Data for this task:
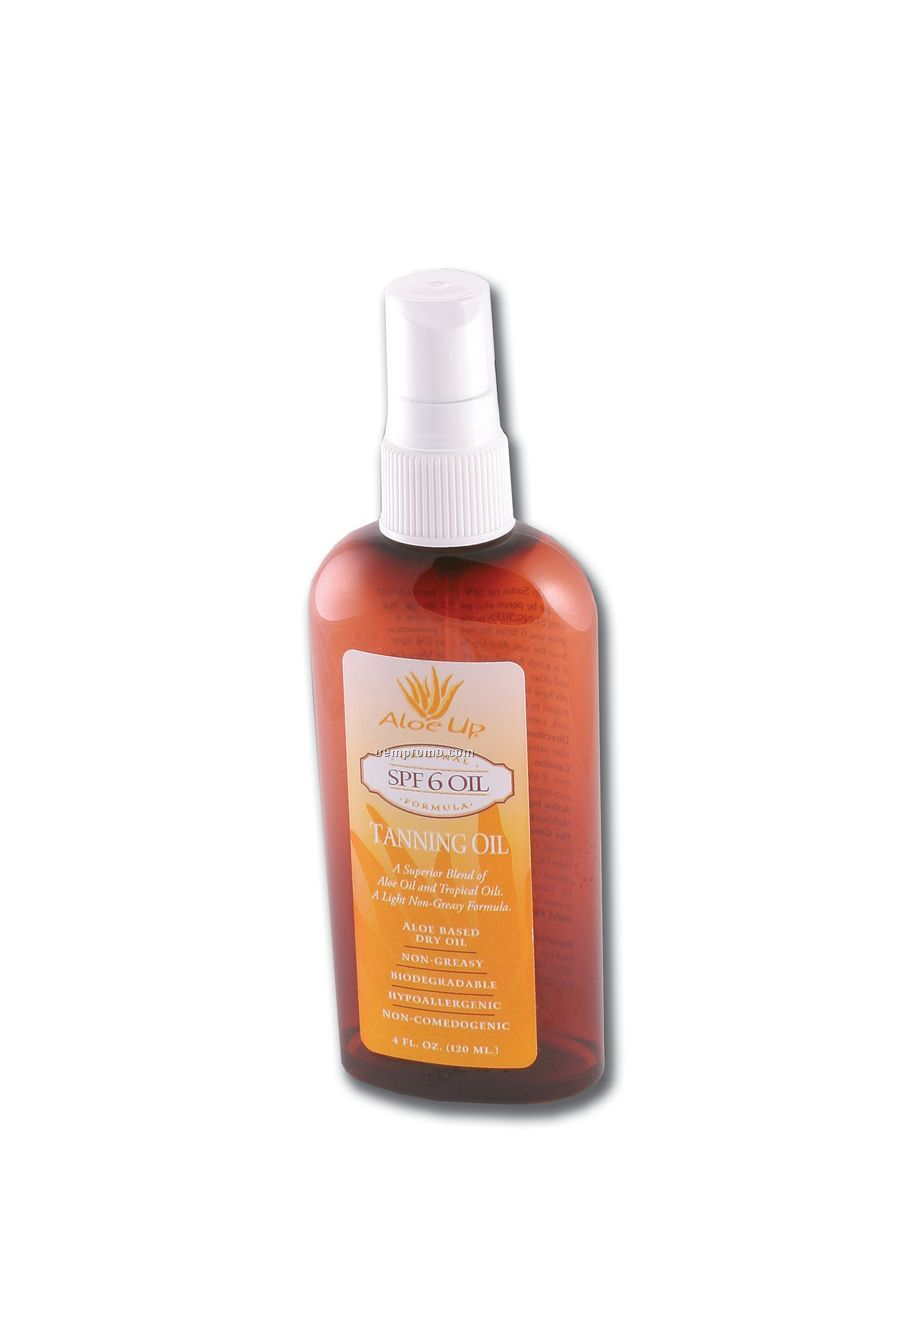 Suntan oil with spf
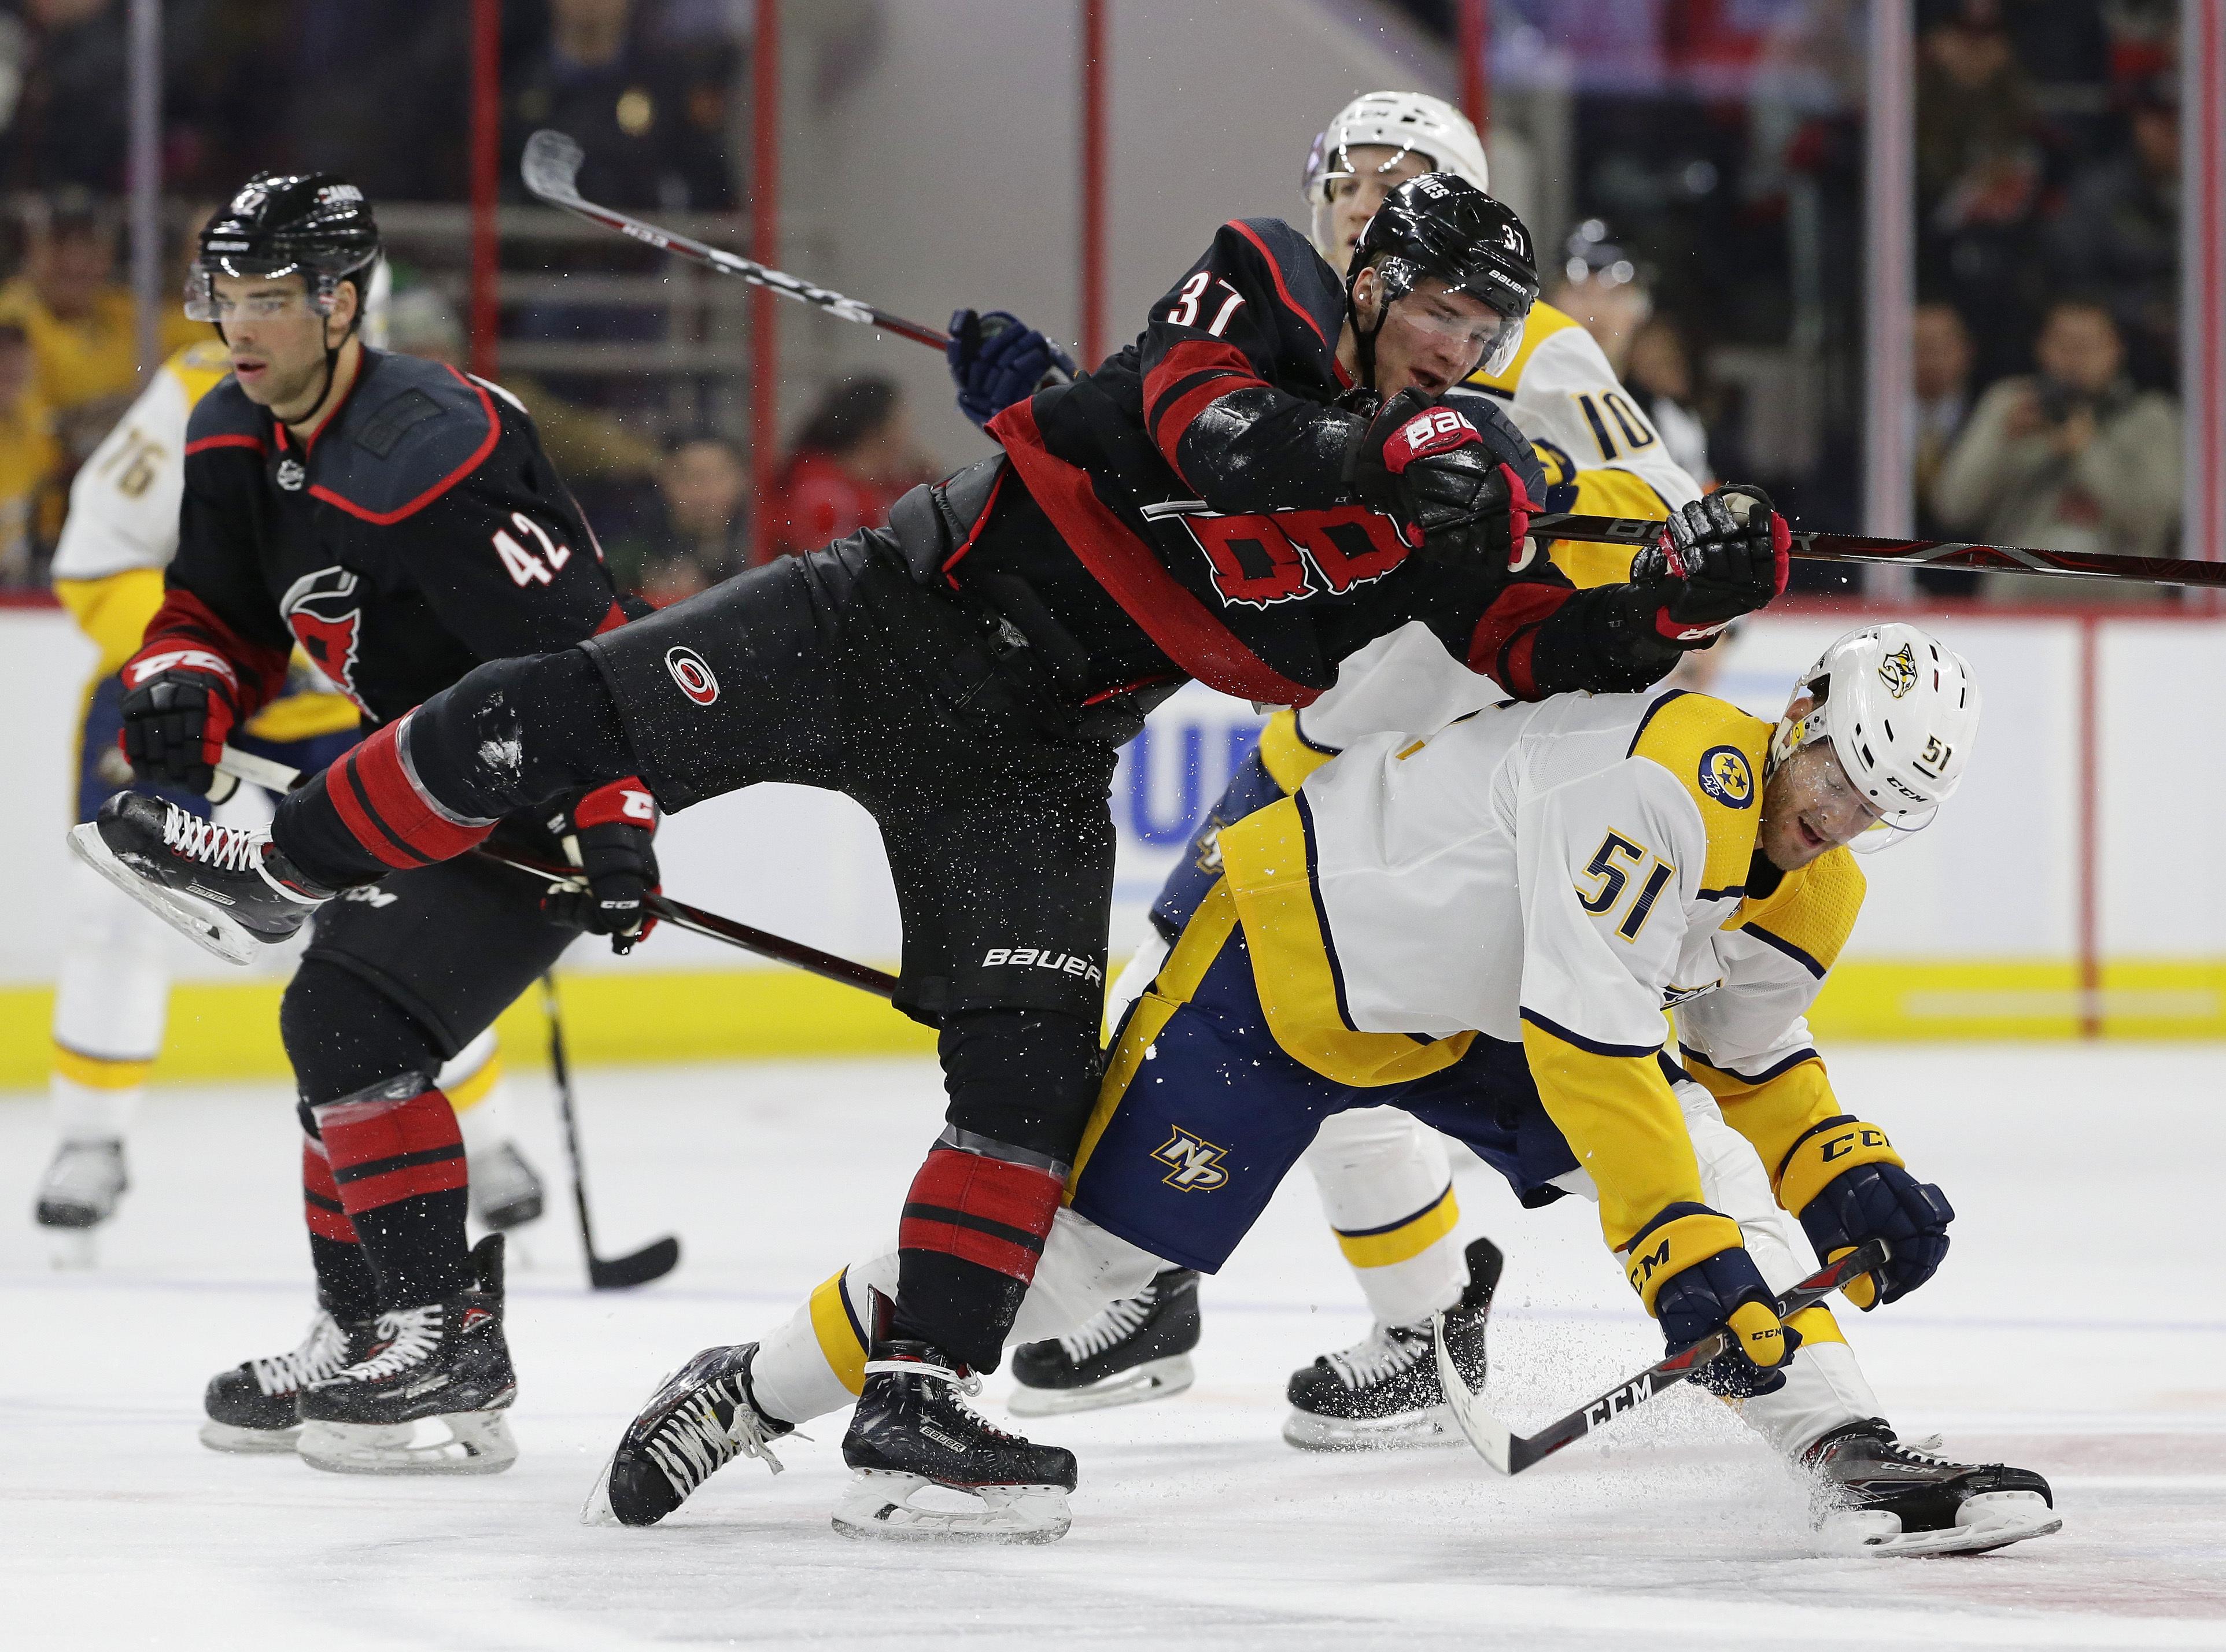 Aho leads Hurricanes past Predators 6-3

* * *

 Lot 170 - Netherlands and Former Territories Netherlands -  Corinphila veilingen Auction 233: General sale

Work task: Only the lines above from the one containing "Suntan oil with spf" through the one containing "Aho leads Hurricanes past Predators 6-3" should be returned, verbatim and inclusive, with pictures excluded.

Expected answer:
 Suntan oil with spf
 Aho leads Hurricanes past Predators 6-3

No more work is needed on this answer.